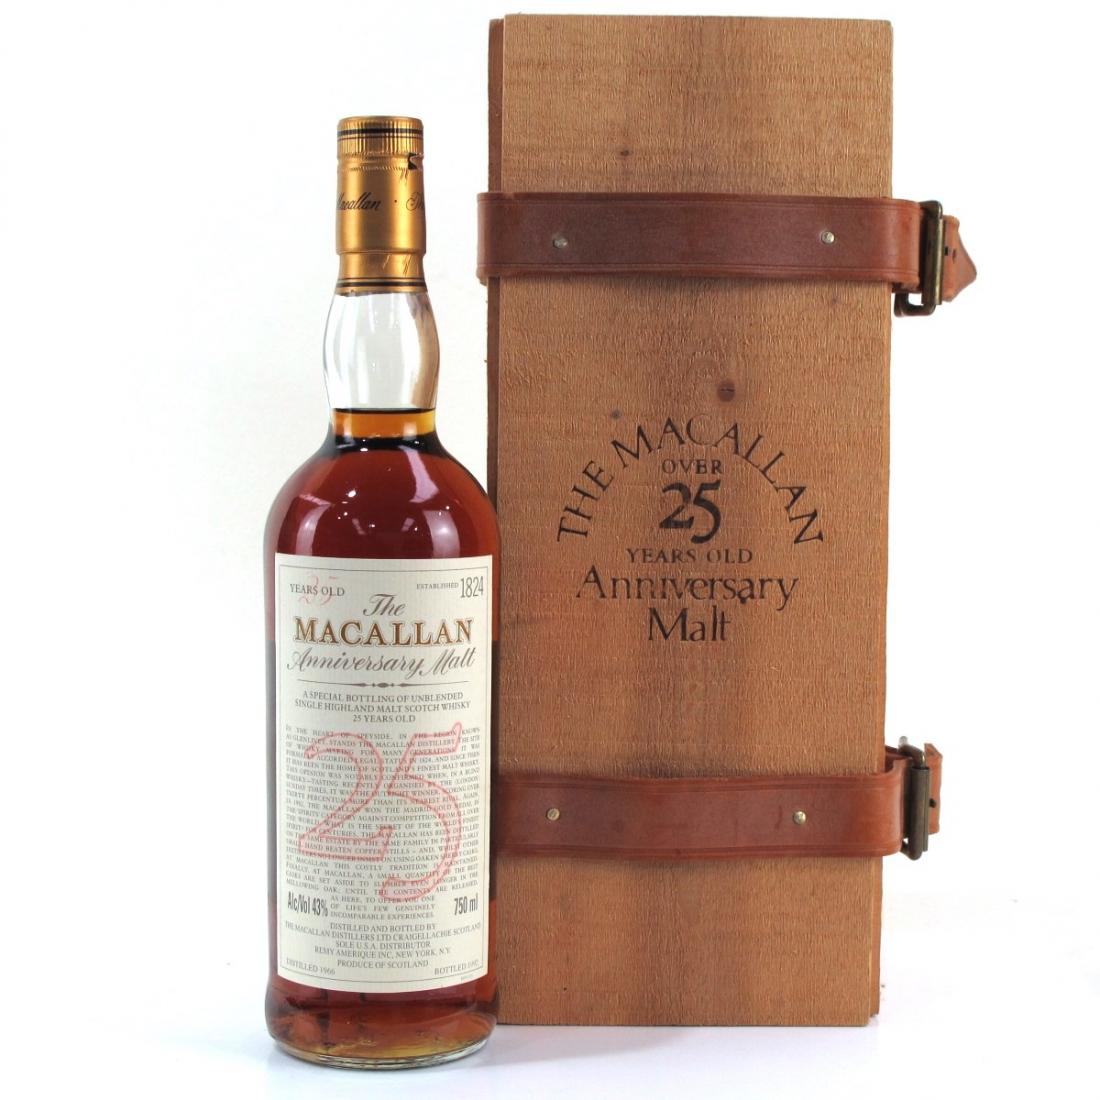 Macallan 1966 Anniversary Malt 25 Year Old 75cl / US Import
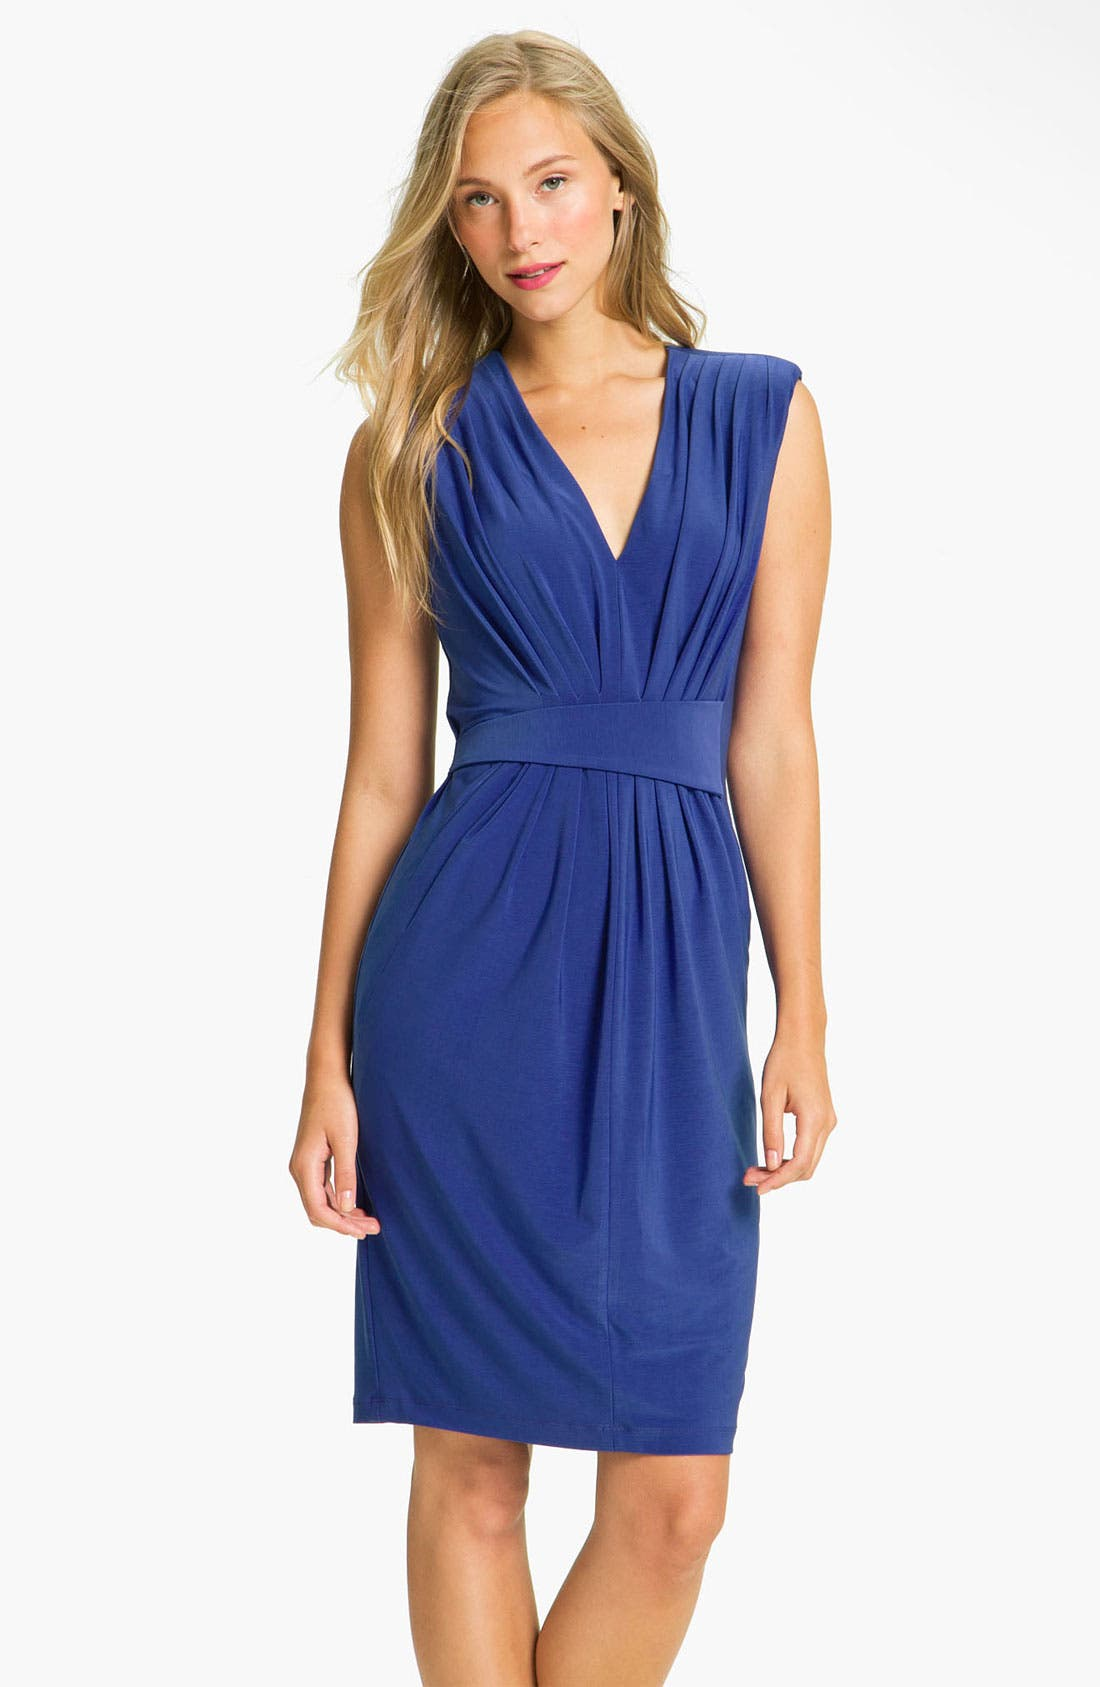 Alternate Image 1 Selected - Alex & Ava Pleated Jersey Sheath Dress
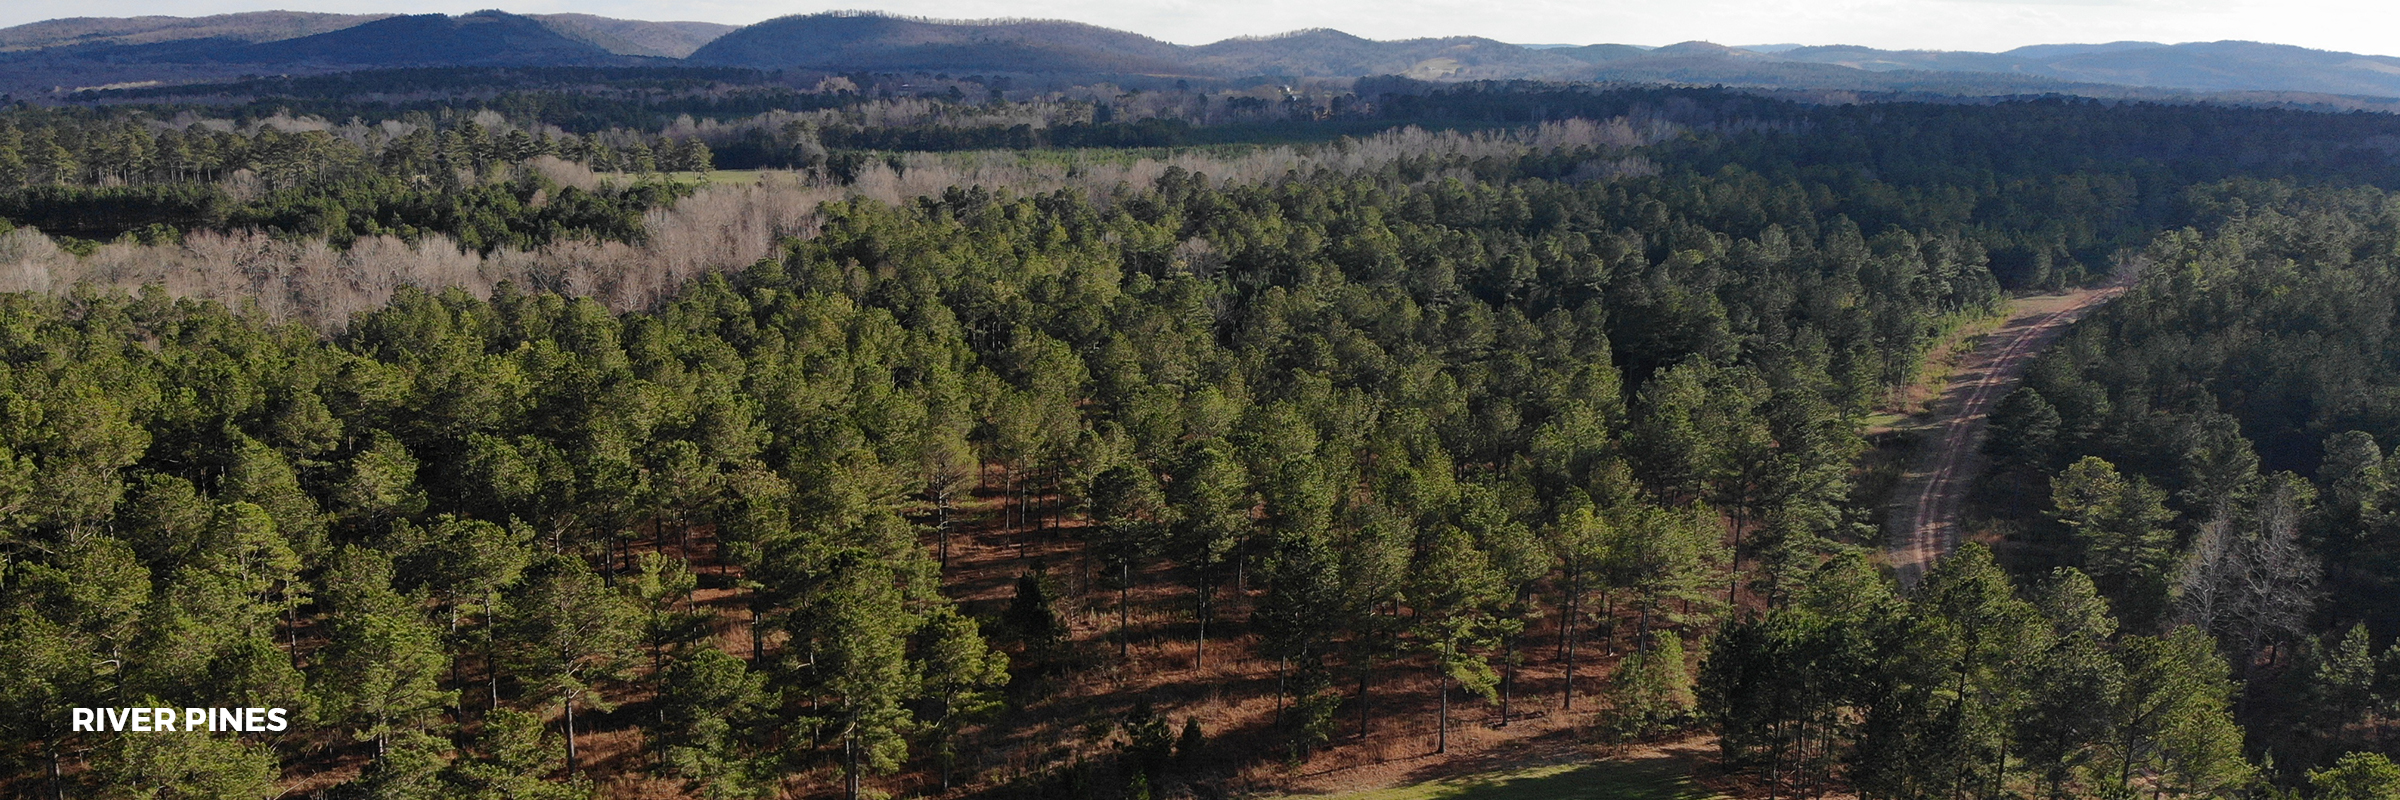 River-Pines.jpg

> **PROMPT**:
Write out the whole listing above exactly; do not include the pictures.

> **OUTPUT FOR THIS EXERCISE**:
 Macallan 1966 Anniversary Malt 25 Year Old 75cl / US Import
 Alternate Image 1 Selected - Alex & Ava Pleated Jersey Sheath Dress
 River-Pines.jpg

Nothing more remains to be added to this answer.